Hukuk Genel Kurulunda yapılan görüşmeler sırasında bir kısım üyeler tarafından, davacının evine davalıların güneş enerji sisteminden su sızması ve sonrasında davacının geçici de olsa başka bir eve taşınmak zorunda kalması nedeniyle davacının kişilik haklarının zedelendiği gerekçesiyle direnme kararının onanması gerektiği görüşü dile getirilmiş ise de bu görüş yukarıda açıklanan nedenlerle Kurul çoğunluğu tarafından benimsenmemiştir.

O halde, tarafların karşılıklı iddia ve savunmalarına, dosyadaki tutanak ve kanıtlara, bozma kararında açıklanan gerektirici nedenlere göre, Hukuk Genel Kurulunca da benimsenen Özel Daire bozma kararına uyulmak gerekirken, önceki kararda direnilmesi usul ve yasaya aykırıdır.

Açıklanan nedenlerle direnme kararı bozulmalıdır.

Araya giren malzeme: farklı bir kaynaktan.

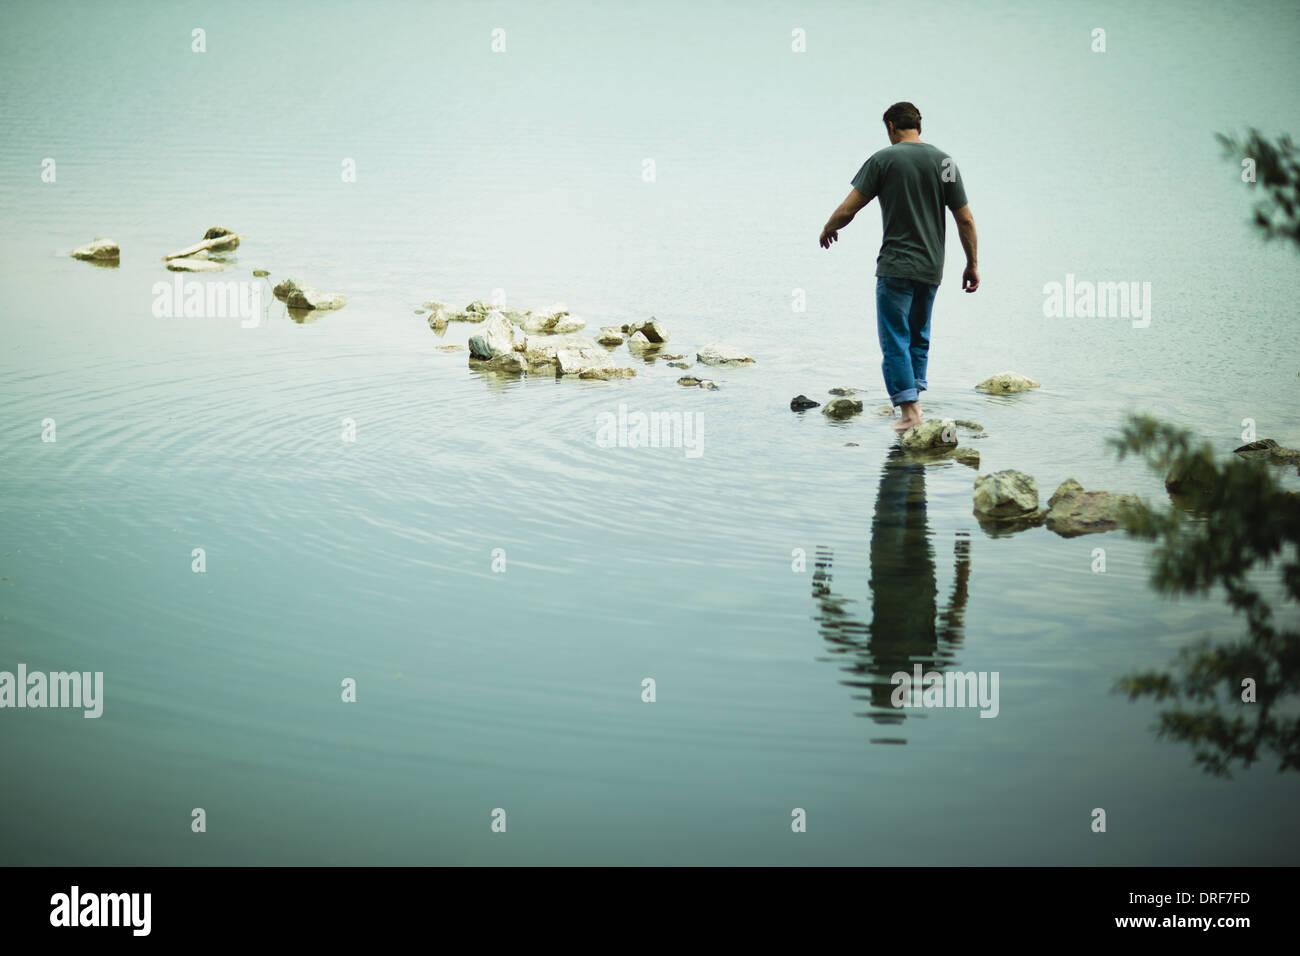 Colorado USA man walking barefoot across stepping stones lake - Stock Image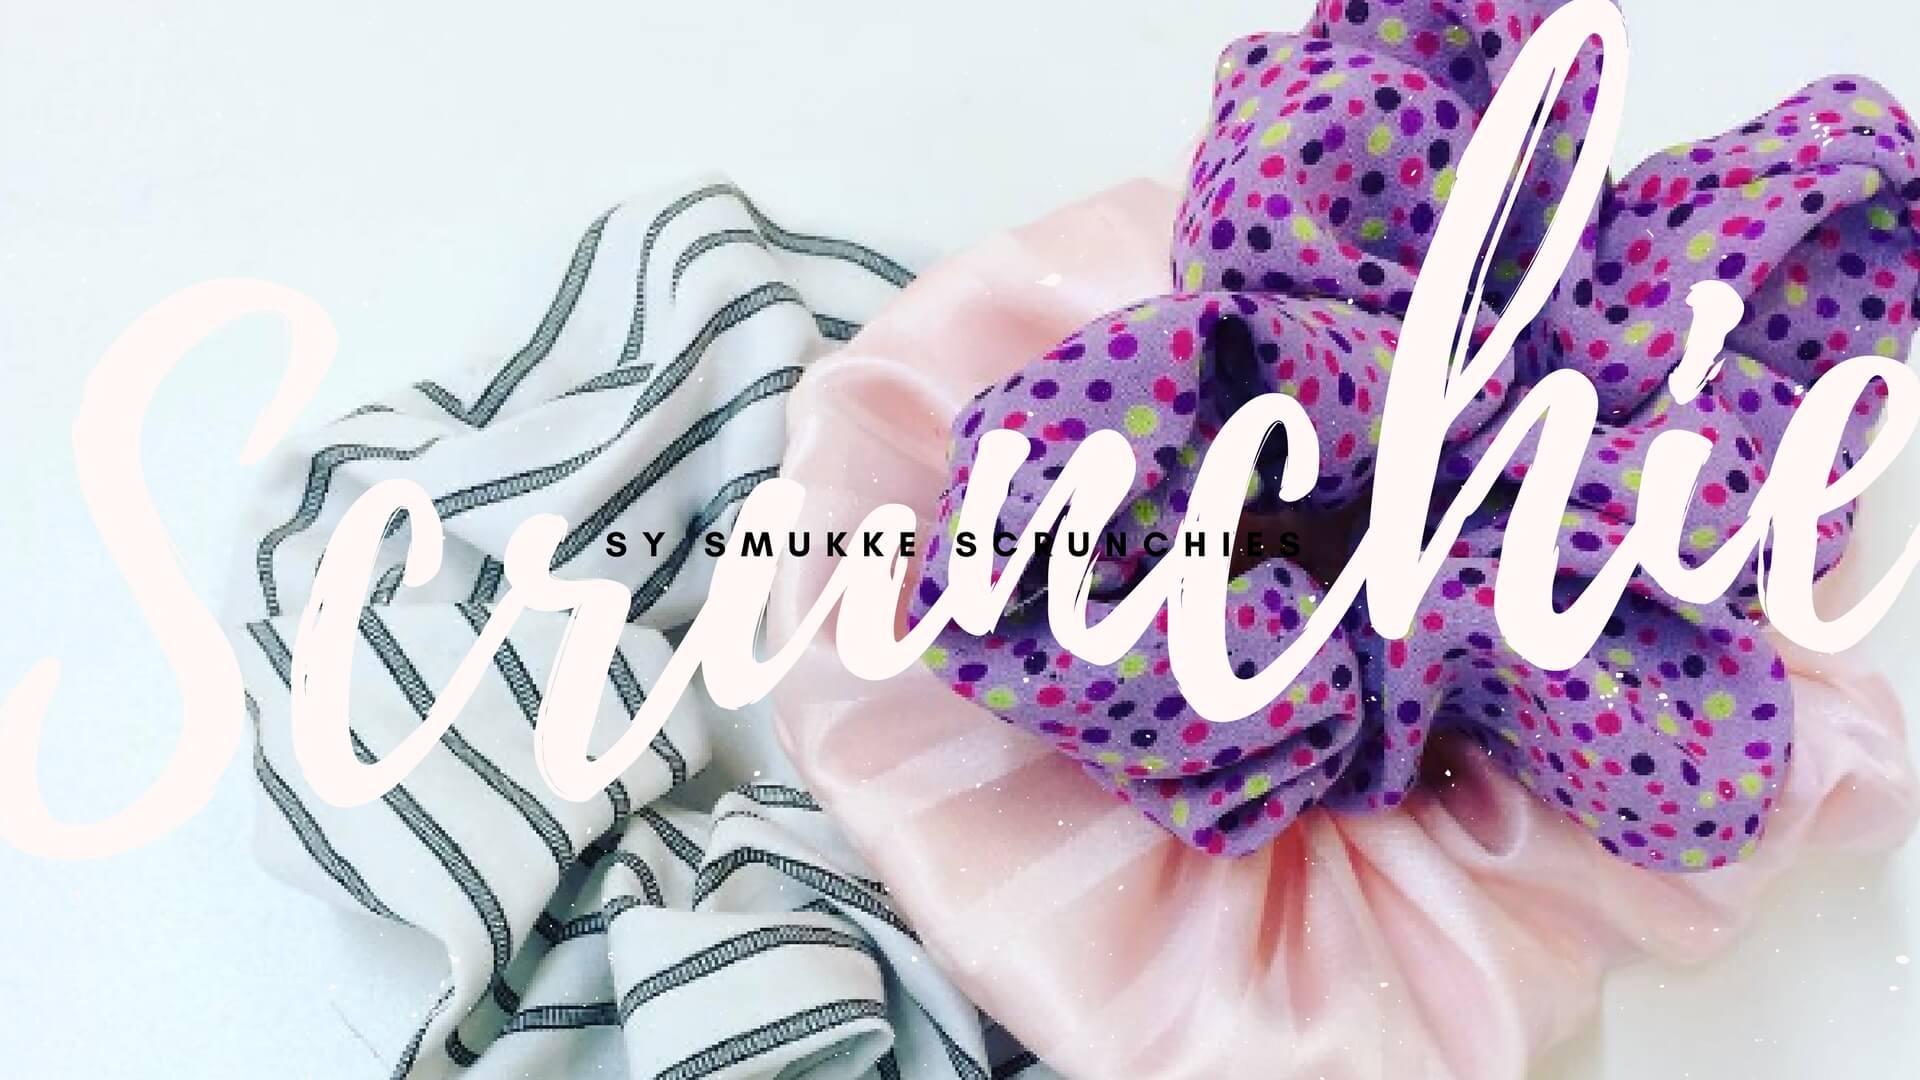 sy scrunchies

SONUÇ : Davalılar vekilinin temyiz itirazlarının kabulü ile, direnme kararının Özel Daire bozma kararında gösterilen nedenlerden dolayı 6217 sayılı Kanun'un 30. maddesi ile 6100 sayılı Hukuk Muhakemeleri Kanunu’na eklenen “Geçici Madde 3” atfıyla uygulanmakta olan 1086 sayılı Hukuk Usulü Muhakemeleri Kanunu’nun 429. maddesi gereğince BOZULMASINA, istek halinde temyiz peşin harcının yatırana geri verilmesine 11.03.2015 gününde yapılan ikinci görüşmede oyçokluğu  ile karar verildi.